How is history compressed or capped?

1. OpenClaw: file-backed memory plus retrieval tools

OpenClaw’s public memory model is intentionally inspectable. Its memory docs describe MEMORY.md for long-term memory, daily notes under memory/YYYY-MM-DD.md, and memory tools such as memory_search and memory_get. Those tools are provided by the active memory plugin, which by default is memory-core.

That matters because OpenClaw does not treat memory as a hidden side effect. It treats memory as a tool surface. Instead of forcing everything into the prompt, it gives the agent explicit ways to search and fetch memory when needed. This pushes OpenClaw toward a workspace-like model: memory is something the agent can read and write through visible files and tools, not a mysterious blob behind the scenes.

Architecturally, OpenClaw looks like this:

durable memory in human-readable files
retrieval through memory tools
prompt assembly that can include persistent memory and fetched notes
a plugin boundary that keeps memory behavior extensible rather than hardwired

The strength of this design is inspectability. A developer can literally open the memory files, audit them, or patch them by hand. The weakness is that retrieval quality and memory curation become critical. File-backed memory is simple, but once the files grow, the quality of search and what gets injected into prompt context becomes the whole game.

My take: OpenClaw is best understood as memory as a visible workspace knowledge layer.

2. Hermes Agent: tiered memory with searchable sessions

Hermes Agent has one of the clearest separations between persistent memory and session history. Its docs describe built-in persistent memory as bounded, curated memory that persists across sessions. That built-in layer centers on MEMORY.md and USER.md. Hermes also supports external memory providers, with built-in memory remaining active alongside the selected provider. When an external provider is enabled, Hermes injects provider context into the system prompt, prefetches relevant memories before each turn, and syncs conversation turns after responses.

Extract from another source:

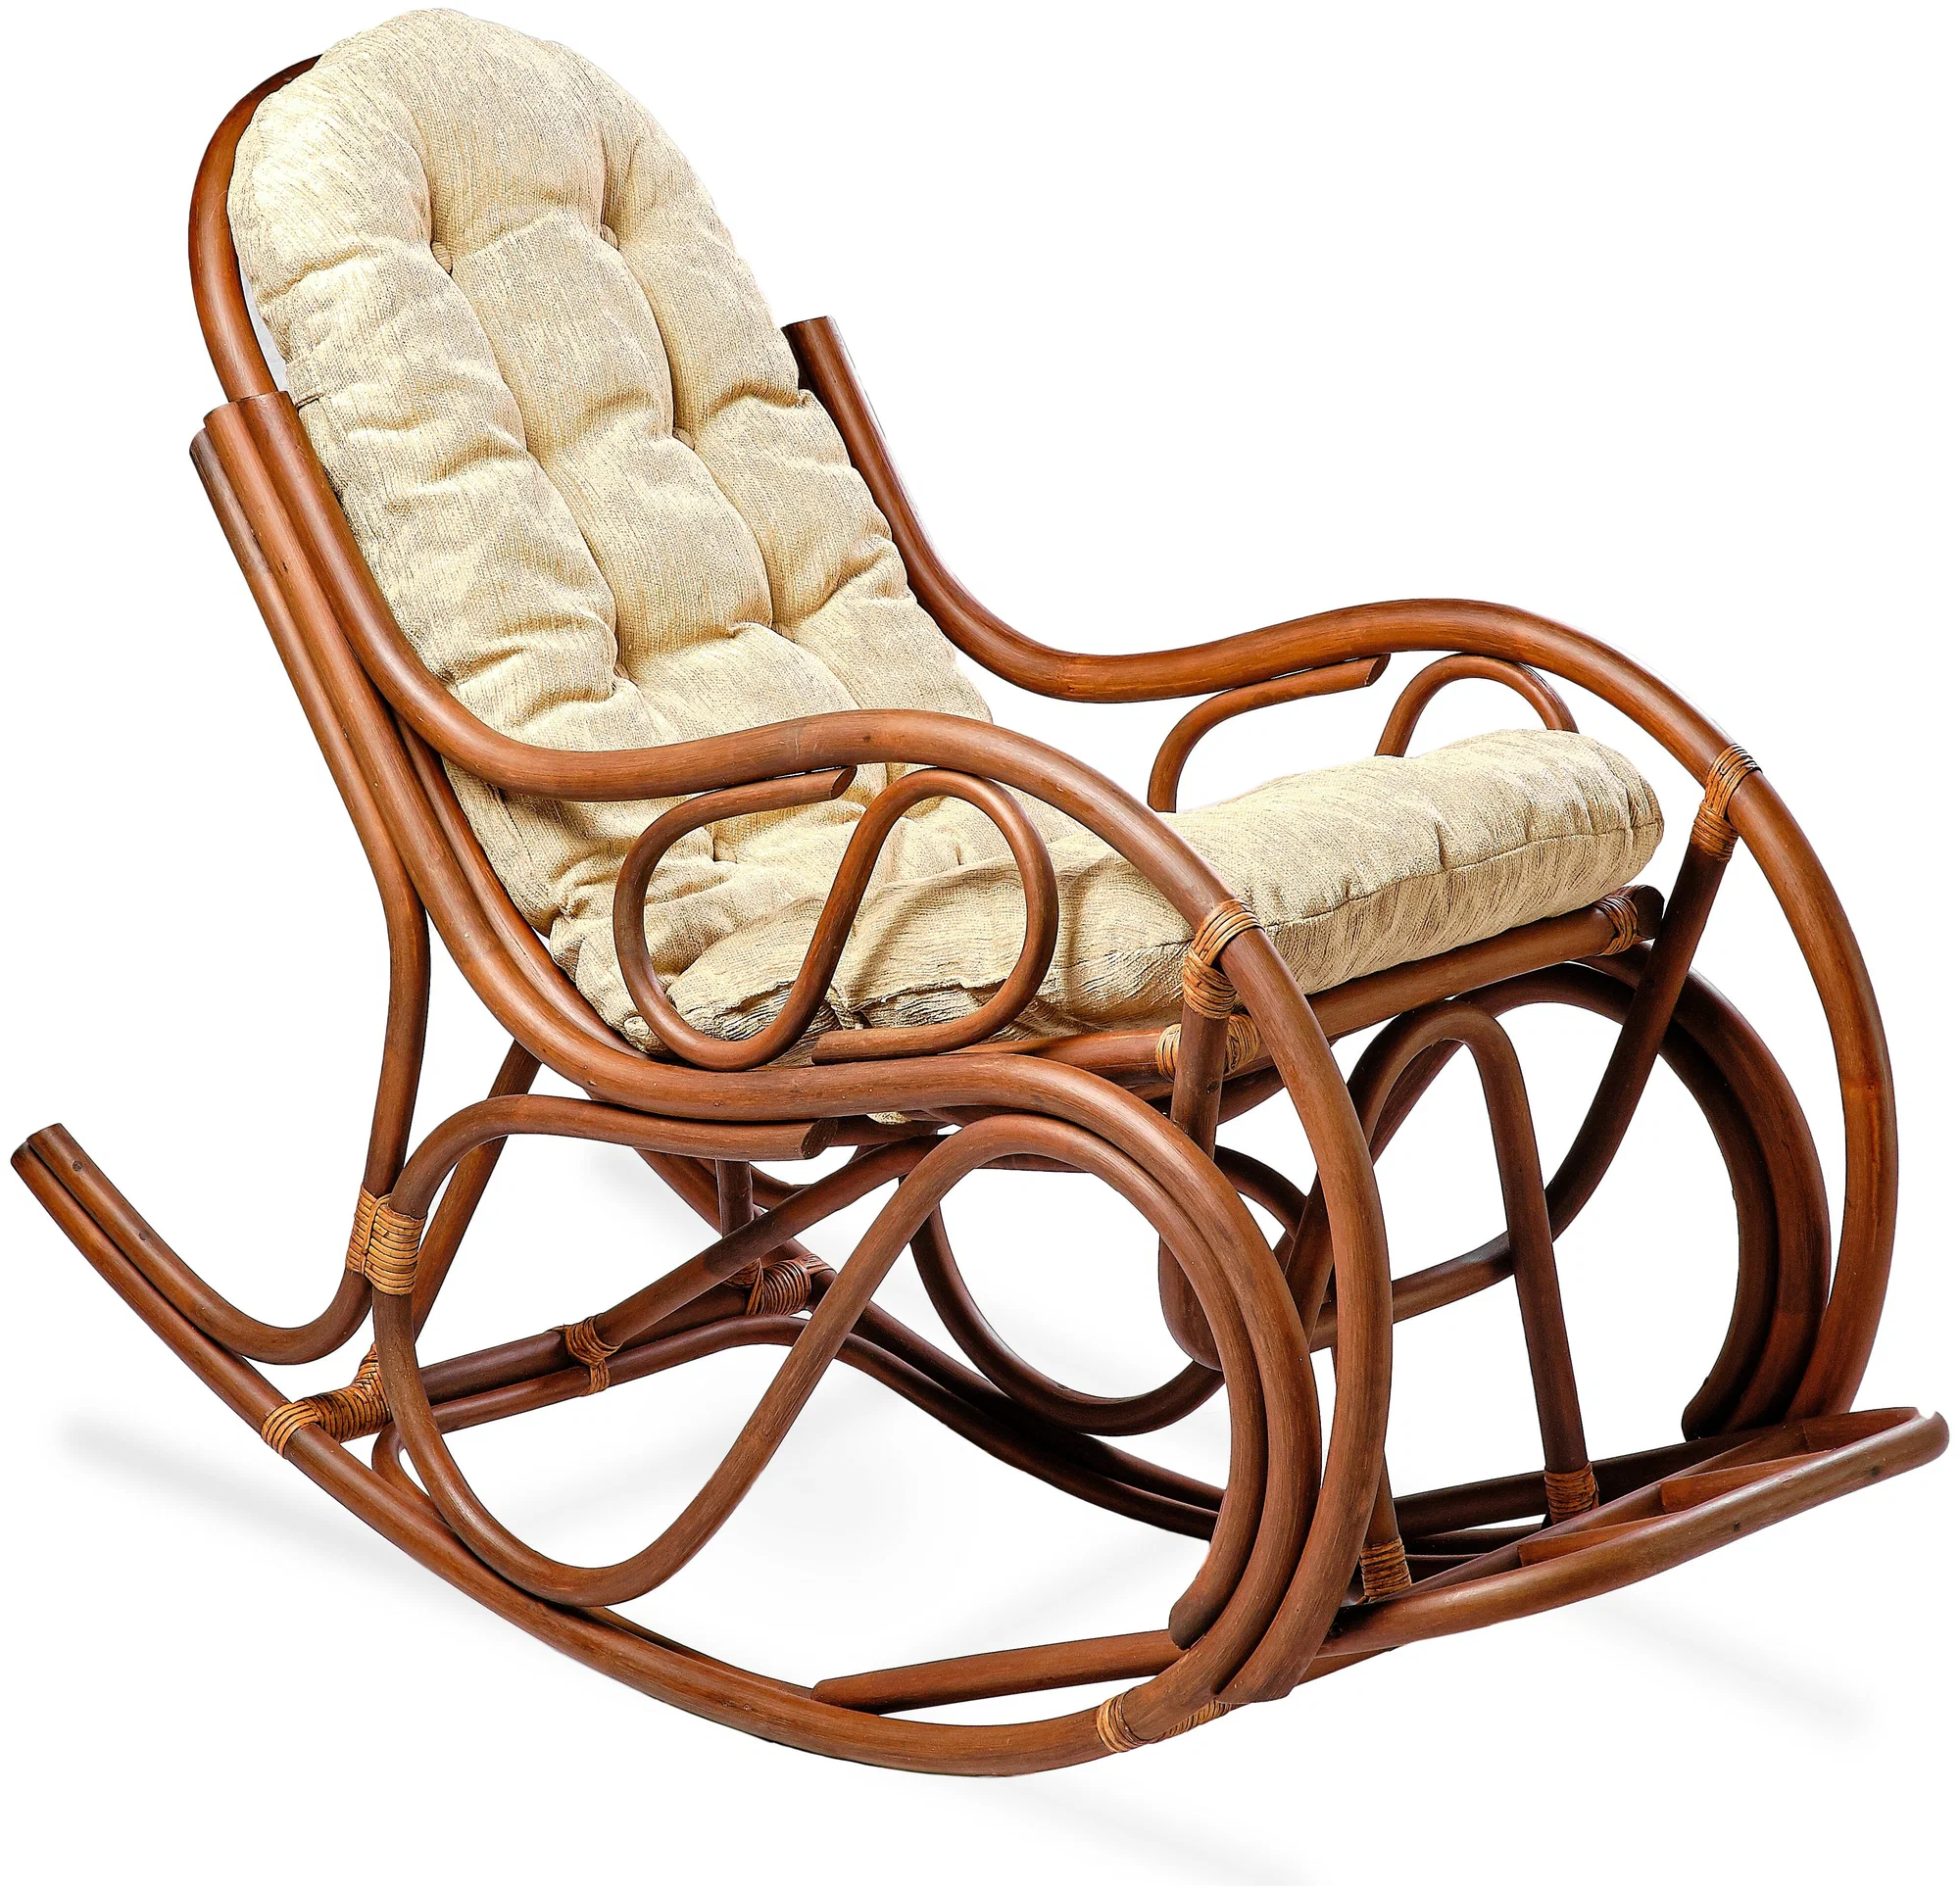 Кресло-качалка из натурального ротанга с толстой подушкой 05/04В, цвет орех матовый
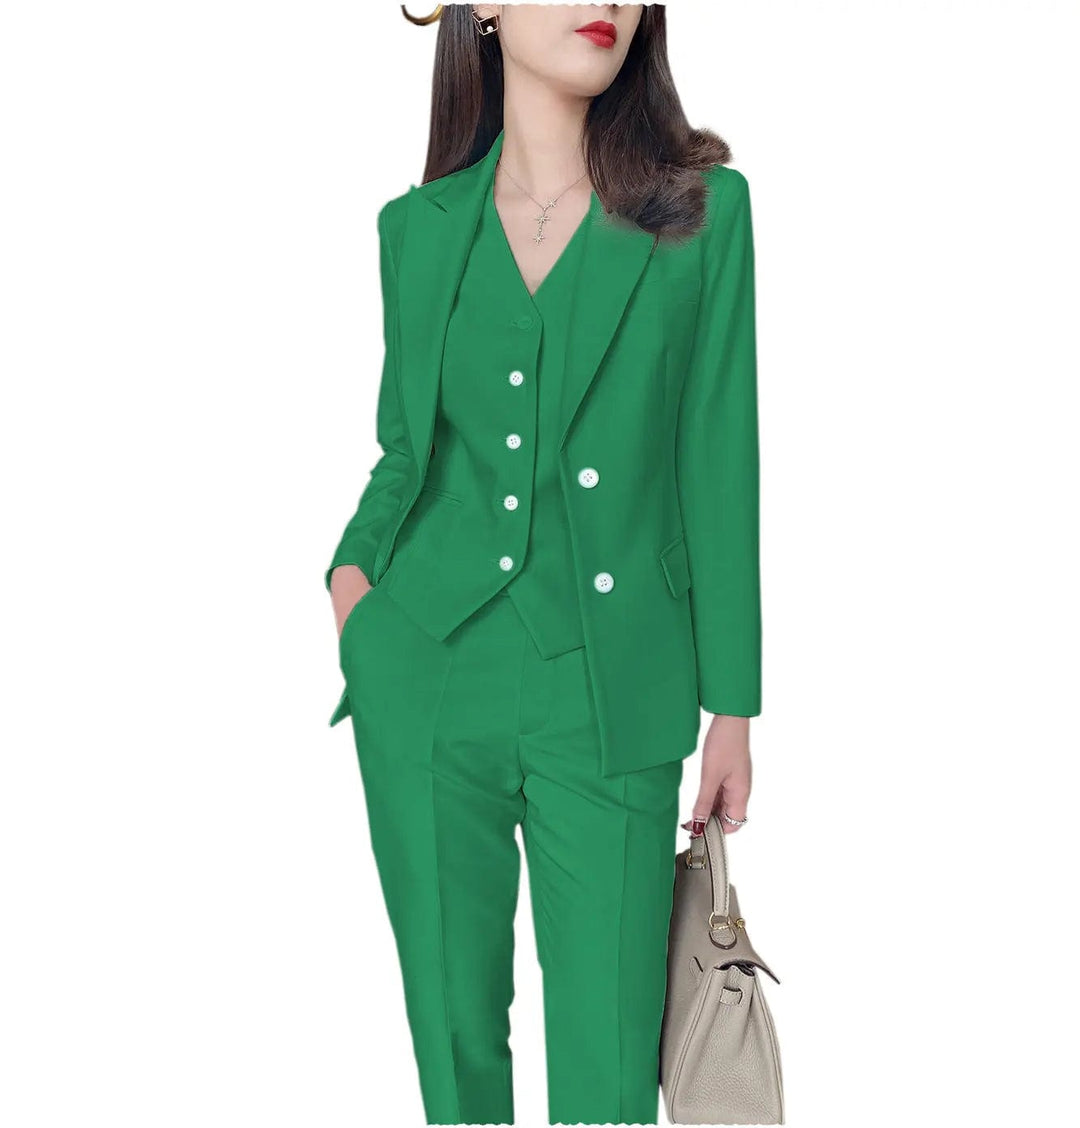 solovedress Fashion Slim Fit 3 Pieces Women Suit Peak Lapel Blazer

Hermes then separates that durable memory from a much richer session system. Its session docs describe two storage mechanisms: a SQLite database at ~/.hermes/state.db with FTS5 full-text search, and JSONL transcripts under ~/.hermes/sessions/ that preserve raw conversation history including tool calls.

That gives Hermes a true tiered architecture:

small persistent files for always-important facts
SQLite for searchable cross-session recall
JSONL for replay and auditability
optional provider-backed memory for richer retrieval
skills for procedural reuse

This is the most database-aware design of the four. It acknowledges that one storage format cannot do every job well. Small curated files are good for stable preferences. Databases are good for indexing and search. JSONL is good for append-only transcript fidelity.

My take: Hermes is the strongest example here of memory as storage tiers, not just memory as prompt stuffing.

3. Codex CLI: local transcripts, layered instructions, and lazy skills

Codex CLI takes a different path. Its docs emphasize local state, project instruction discovery, resume, and skills rather than a monolithic semantic memory layer. OpenAI’s advanced config docs describe CODEX_HOME as the local state directory, with common files including config.toml, auth.json, and history.jsonl. The docs also describe local history persistence and size capping so old entries can be dropped as the history file grows.

Codex also supports explicit resume semantics. Its feature docs say Codex stores transcripts locally and that codex resume lets you reopen earlier threads with the same repository state and instructions.

The most distinctive part of Codex’s context model is instruction layering. Codex reads AGENTS.md files before doing any work. The docs describe layered guidance from global and project scopes so you can start each task with consistent expectations.

On top of that, Codex supports skills. Skills are packaged as SKILL.md-based assets and use progressive disclosure: Codex starts with skill metadata and loads the full skill content only when it decides the skill is relevant.

So Codex’s architecture is best understood as:

local transcript persistence and resume
durable project guidance through AGENTS.md and config files
context assembly rebuilt from local artifacts each run
procedural reuse via lazy-loaded skills

Codex therefore feels highly stateful without depending on a large built-in memory graph. For coding work, that makes sense: often the most valuable continuity is not “remember everything I ever said,” but “carry the repo rules, recent transcript, and relevant workflows into the next run.”

My take: Codex CLI shows that a system can feel persistent through local artifacts and context engineering, not only through autonomous memory.

4. Claude Code: persistent project rules plus auto memory

Claude Code is a useful contrast with Codex because both are coding agents with file-based project context, but Claude is more explicit about memory as a product concept. Anthropic’s docs say each Claude Code session begins with a fresh context window and that two mechanisms carry knowledge across sessions: CLAUDE.md files and auto memory. CLAUDE.md holds instructions written by the user; auto memory stores learnings Claude writes itself based on corrections and preferences.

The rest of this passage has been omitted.